How to complete this task: Exclude images; transcribe the rest of the data exactly.

Collected material below:

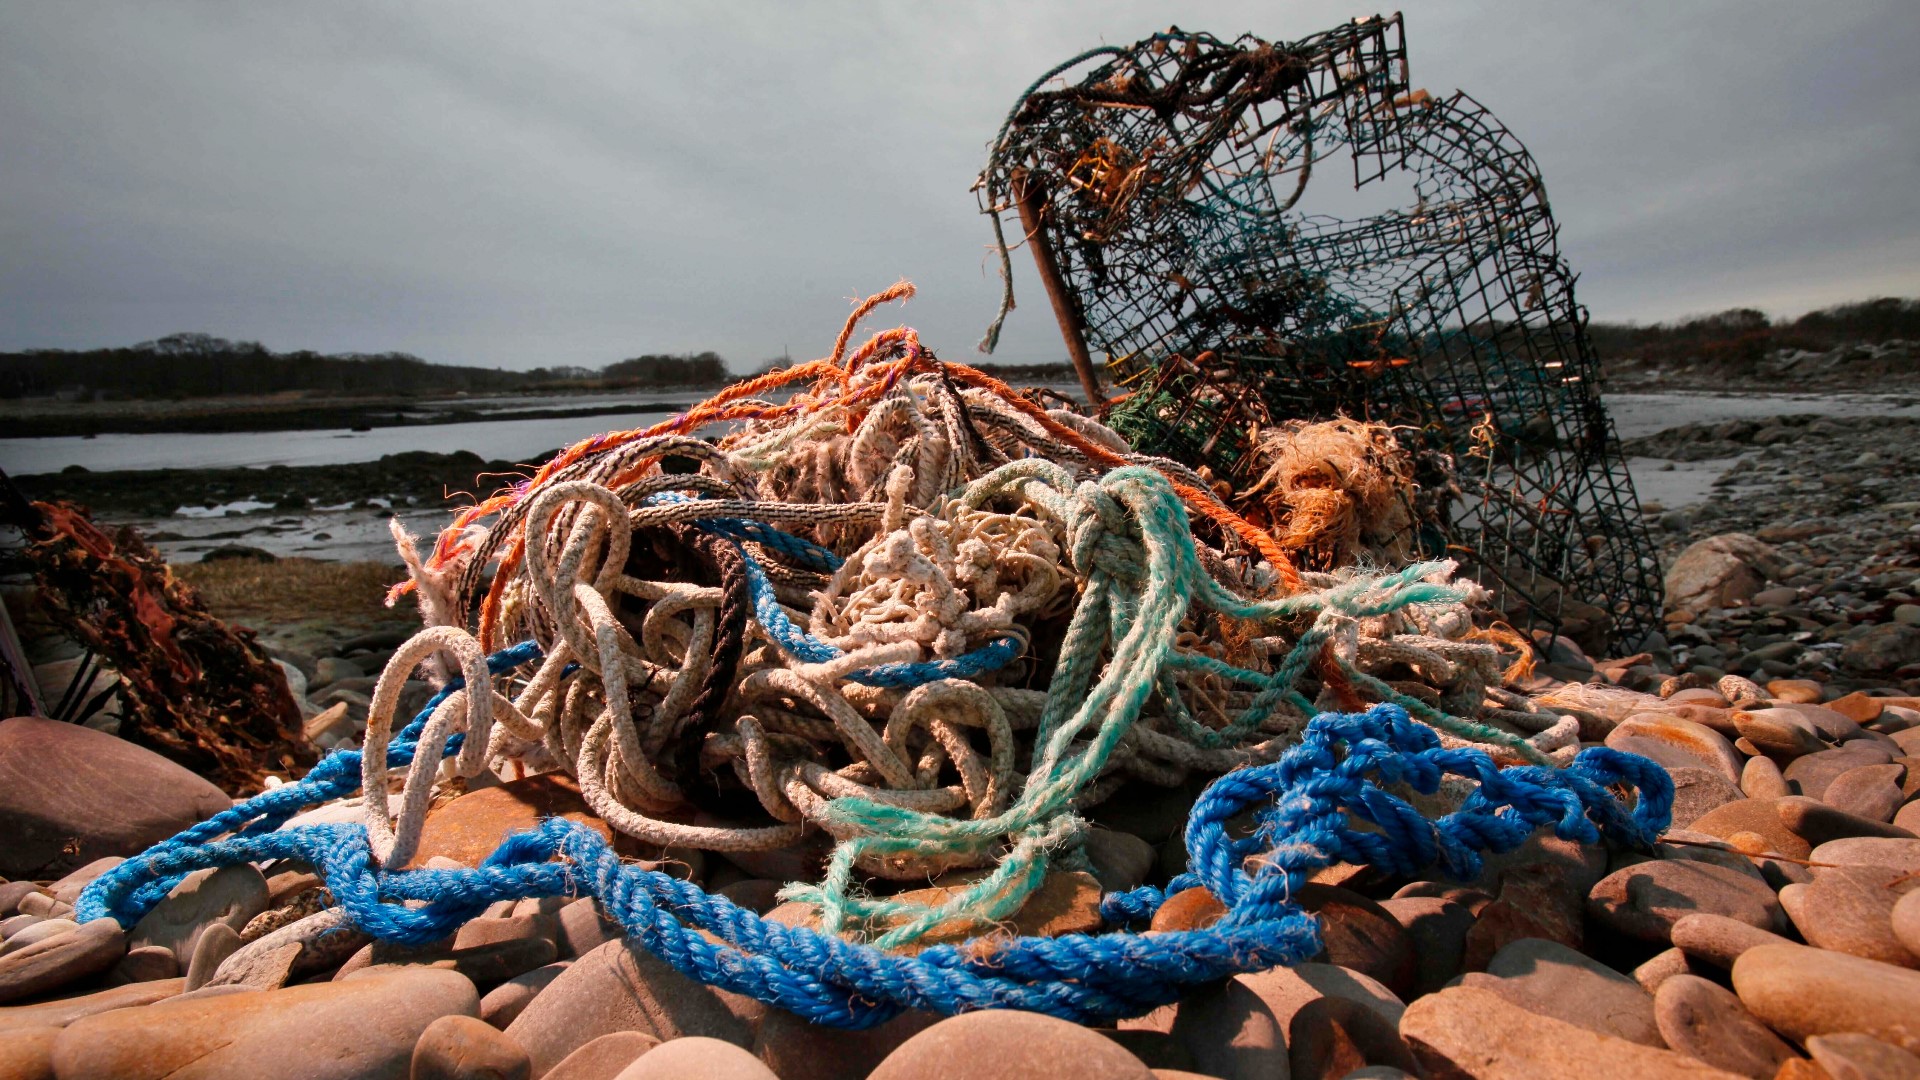 The proposed amendment would pause new regulations to the lobster industry for six years, which many fishermen say would lead to the industry's collapse.
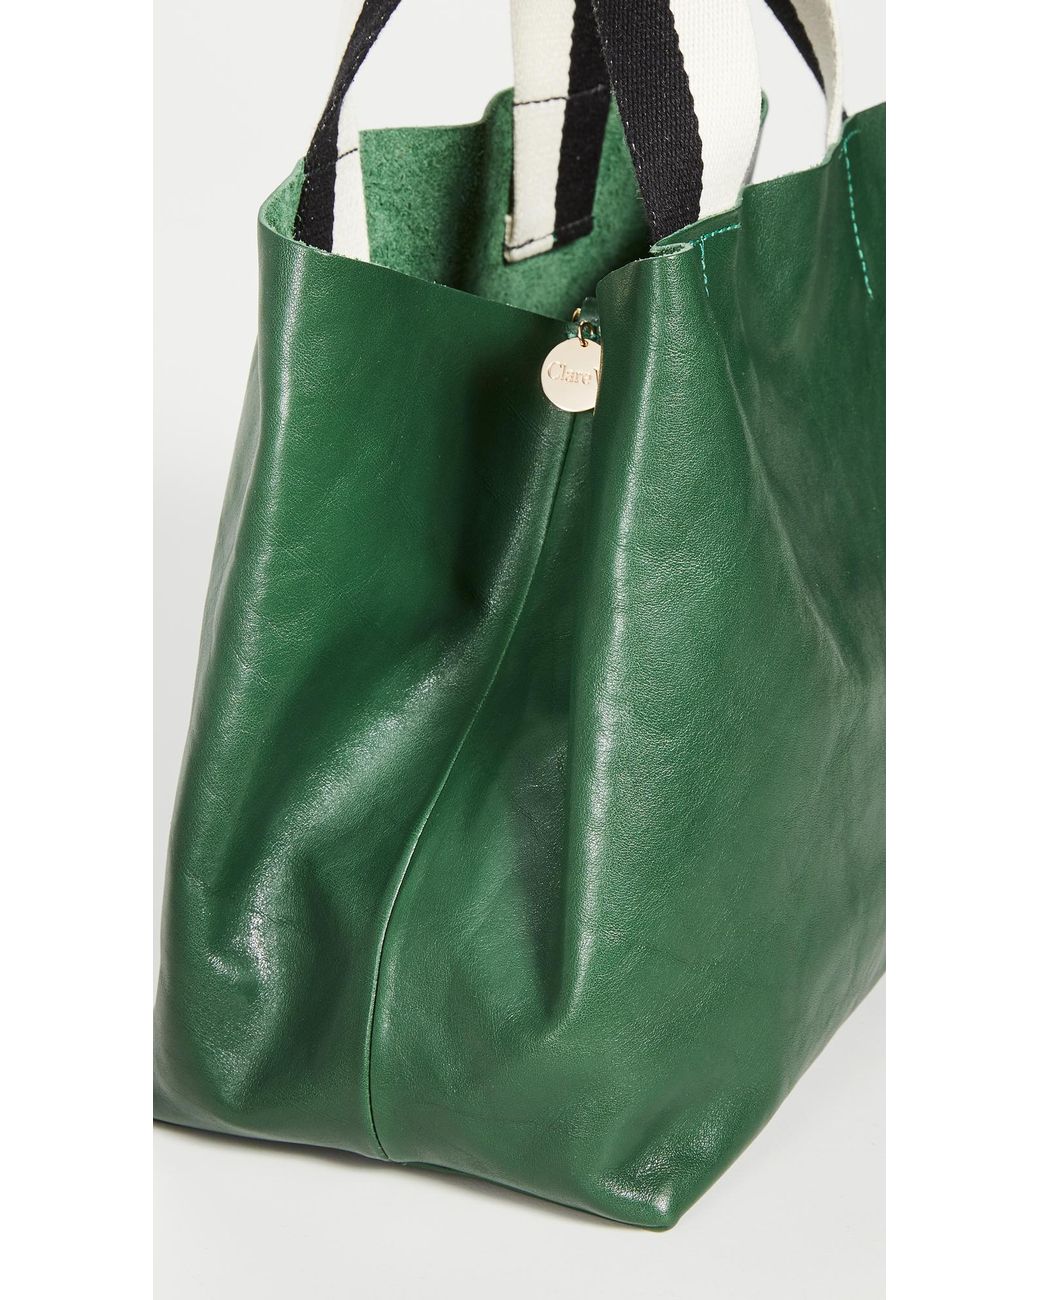 Travailler Magazine Tote in Green Nouvelle Look by Clare V
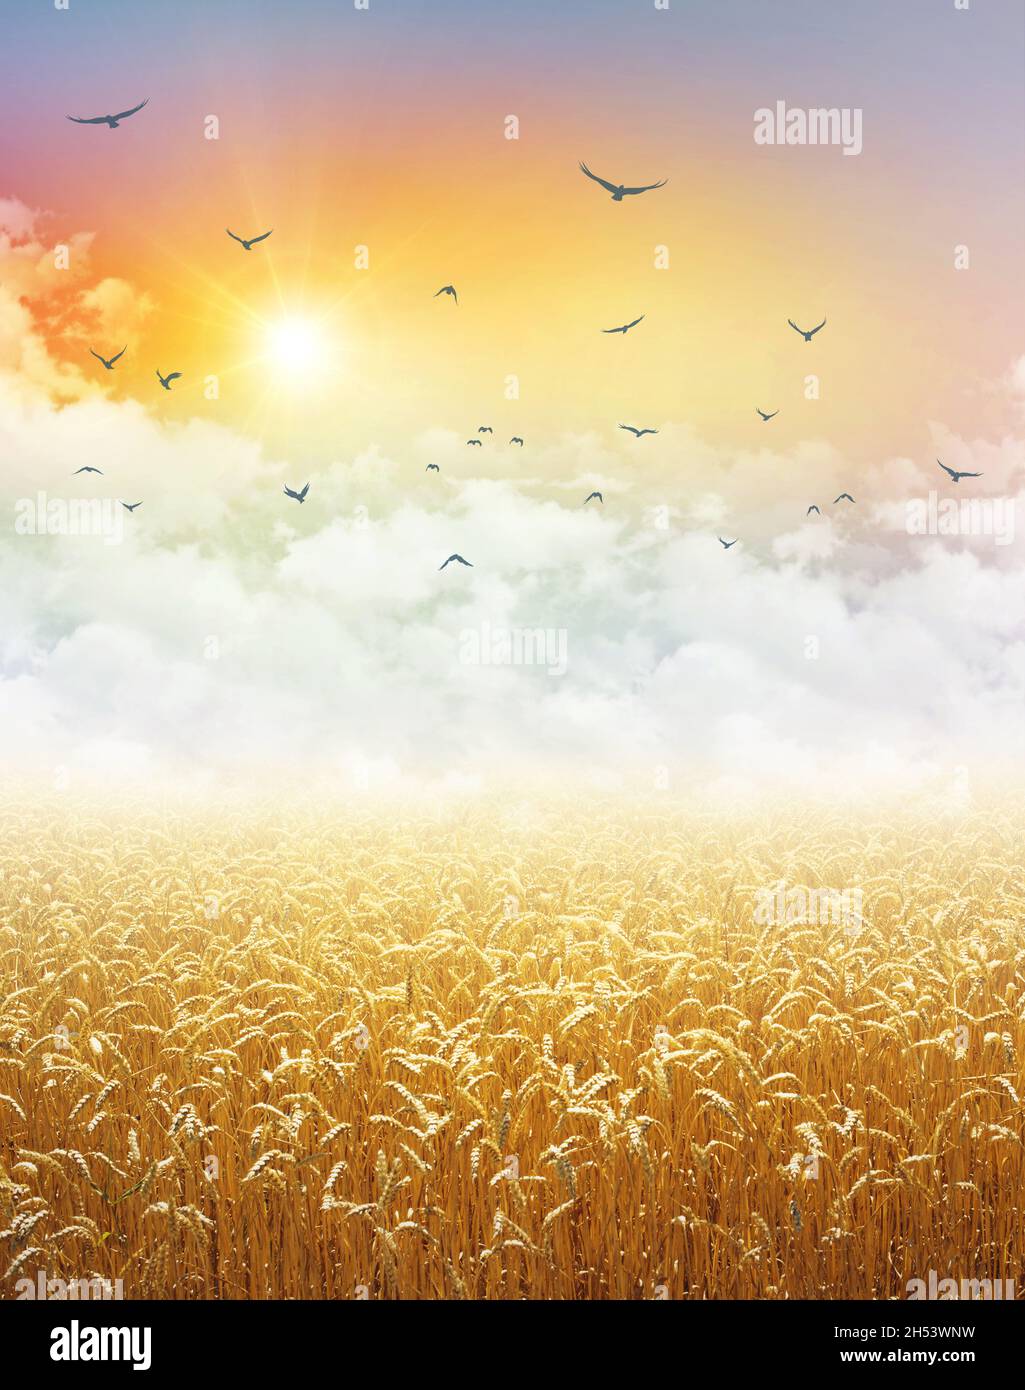 Gold wheat field growing under a colorful sky, low white clouds, flying birds and the rising sun Stock Photo
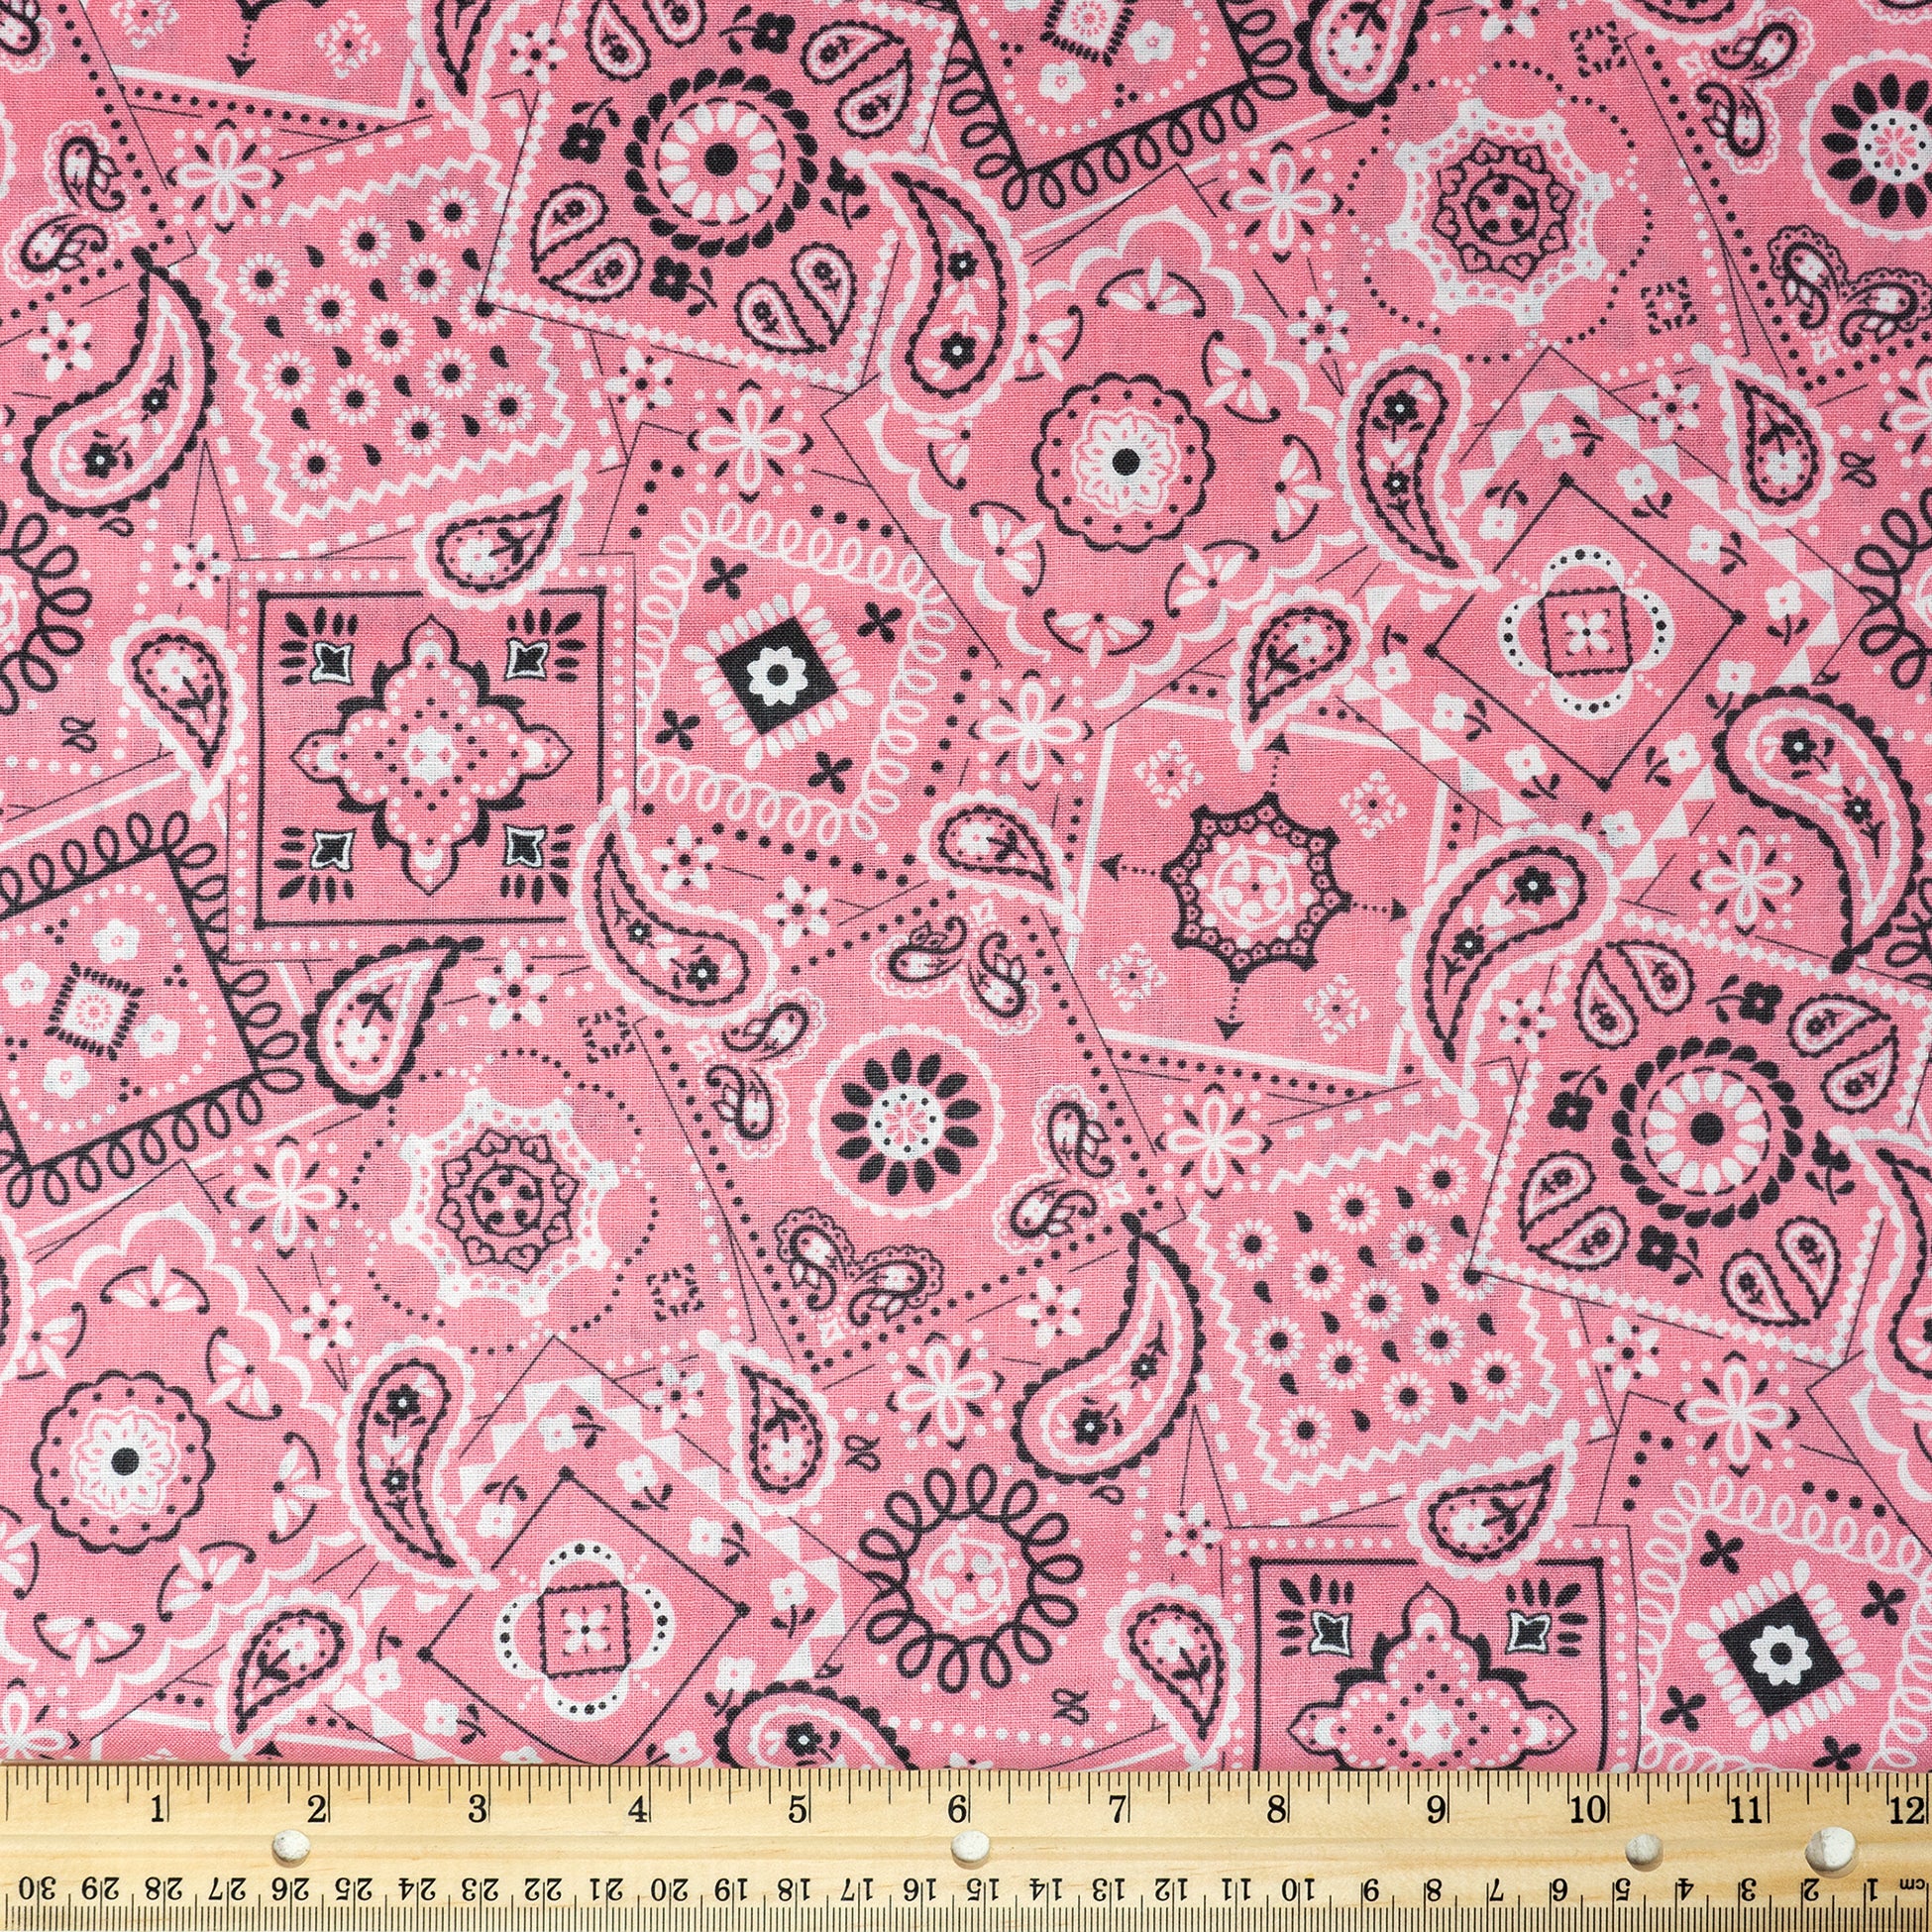 Waverly Inspirations Cotton 44" Bandana Pink Color Sewing Fabric by the Yard

End of Collected material.

Task output:
 The proposed amendment would pause new regulations to the lobster industry for six years, which many fishermen say would lead to the industry's collapse.
 Travailler Magazine Tote in Green Nouvelle Look by Clare V
 Gold wheat field growing under a colorful sky, low white clouds, flying birds and the rising sun Stock Photo
 Waverly Inspirations Cotton 44" Bandana Pink Color Sewing Fabric by the Yard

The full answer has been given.